Balancing peace with justice is not an easy task, but it’s the only way to navigate the fraught world of international diplomacy, Ibrahim Gambari told the 43rd graduating class of Fordham’s International Diploma in Humanitarian Assistance (IDHA) on June 27.

The U.N. diplomat, scholar, and chancellor of Nigeria’s Kwara State University was in a unique position to deliver the above assessment. As former chairperson of the African Union Commission and the former Joint African Union-United Nations Special Representative for Darfur, he has navigated many a diplomatic briar patch in Africa.

When Omar Al-Bashir, currently under indictment by the International Criminal Court, was elected president of Sudan under questionable circumstances, Gambari had to decide between attending his inauguration, or declining at the risk of alienating a leader who was critical to achieving a peace agreement.

Gambari’s U.N. superiors decided that he should go “but not be seen smiling,” he said. Representatives from the African Union disagreed, however, and said he should express happiness.

Striking the right diplomatic balance is difficult. “How do you smile and not smile at the same time?” he said.

“My own experience and position is that you don’t have to choose between peace and justice; rather, you can sequence them.”

Gambari was presented with an honorary certificate in International Humanitarian Assistance at the event.
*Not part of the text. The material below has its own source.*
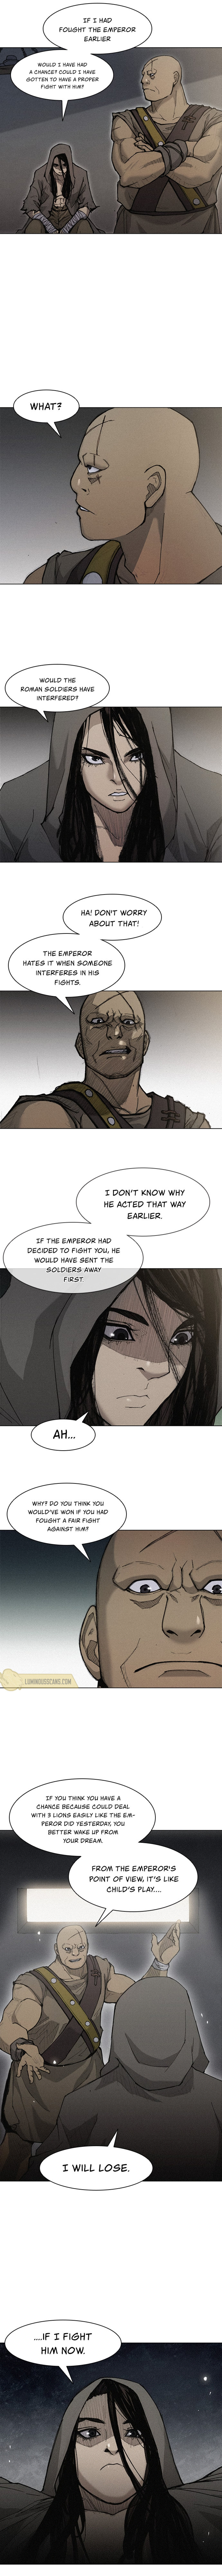 Long Way of the Warrior - Chapter 22 Page 6
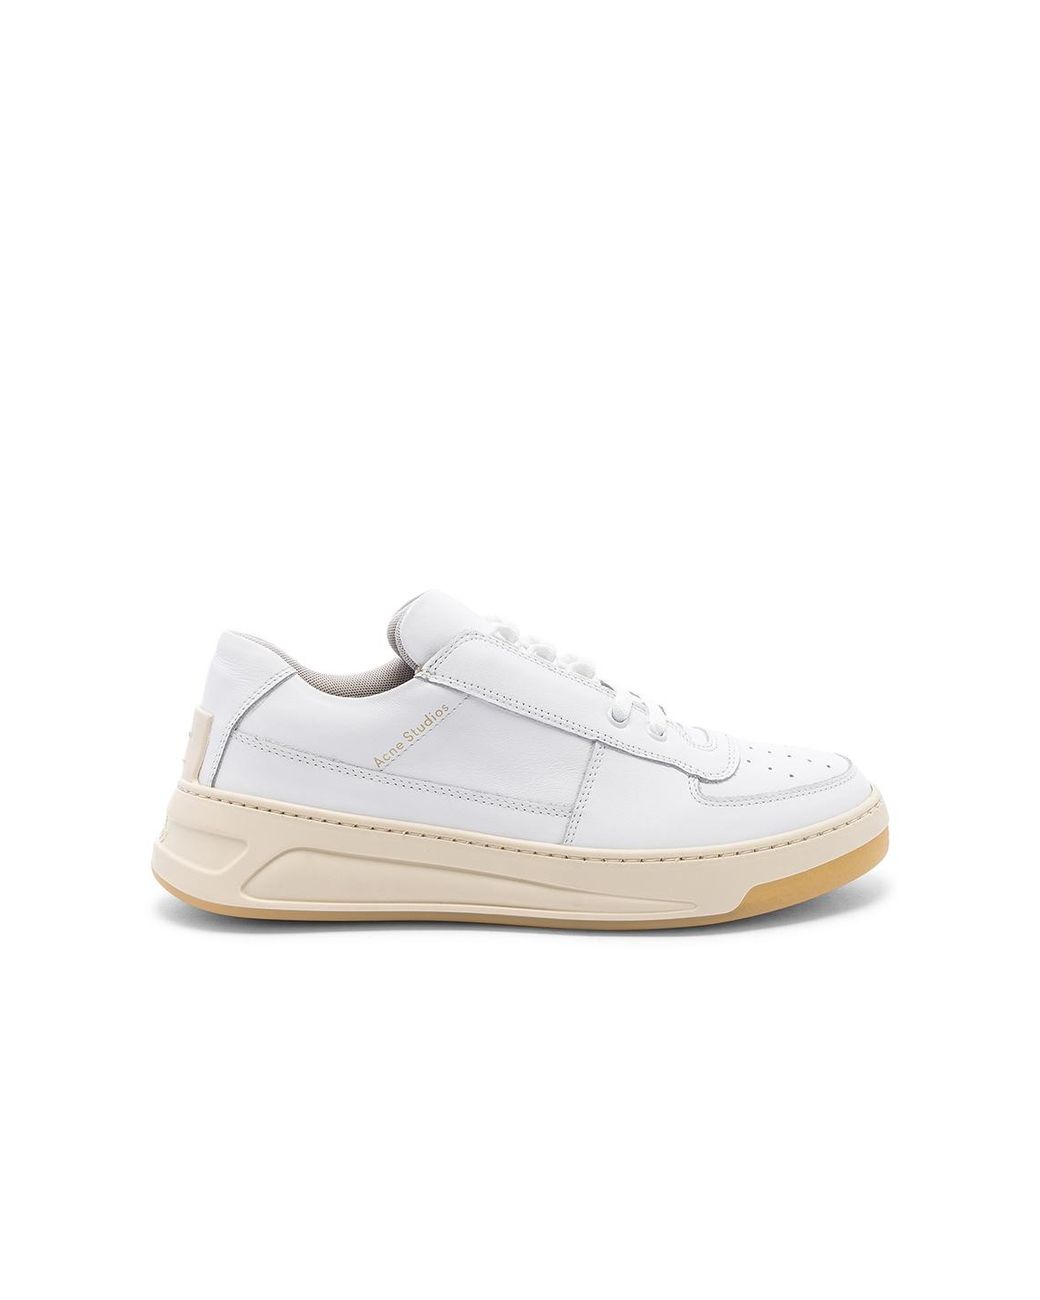 Perey Lace Up Sneakers in White Lyst

The IIHA diploma ceremony honored 35 students from 24 countries, many whom are already working in the humanitarian field. Two students were from Aleppo, Syria, and one from the outskirts of Baghdad.

The ceremony capped an intense month of 200 hours of multi-disciplinary lectures, workshops, and field experiences designed to simulate a humanitarian crisis. The program began in 1997 and has served students from more than 115 nations.

In his talk, Gambari addressed five issues of critical importance to the field of humanitarian assistance: justice; addressing the root causes of conflicts; the role of “spoilers,” or criminal/insurgent groups; how nongovernmental organizations (NGOs) factor in the process; and the need find common ground.

Among those, finding common ground is of paramount importance, he said. And getting the attention of warring parties sometimes requires all manner of flattery and cunning. He recalled how one of his professors at the London School of Economics asked him to write an essay for him.

“One of my professors at the London School of Economics asked me to write an essay. He told me ‘Ibrahim, this is the best paper that I’ve read I’ve read in many years, and I’ve been at L.E.S. for 20 years. Except for the following points’—and then he winked—‘Which make your paper complete nonsense.’” Gambari recalled.

“I reminded him he’d just said it was great. And he said ‘That was just to get your attention.’”

In humanitarian work, “I’m afraid you have to use all sorts of tricks to get their attention, because without their attention, you cannot influence anyone.”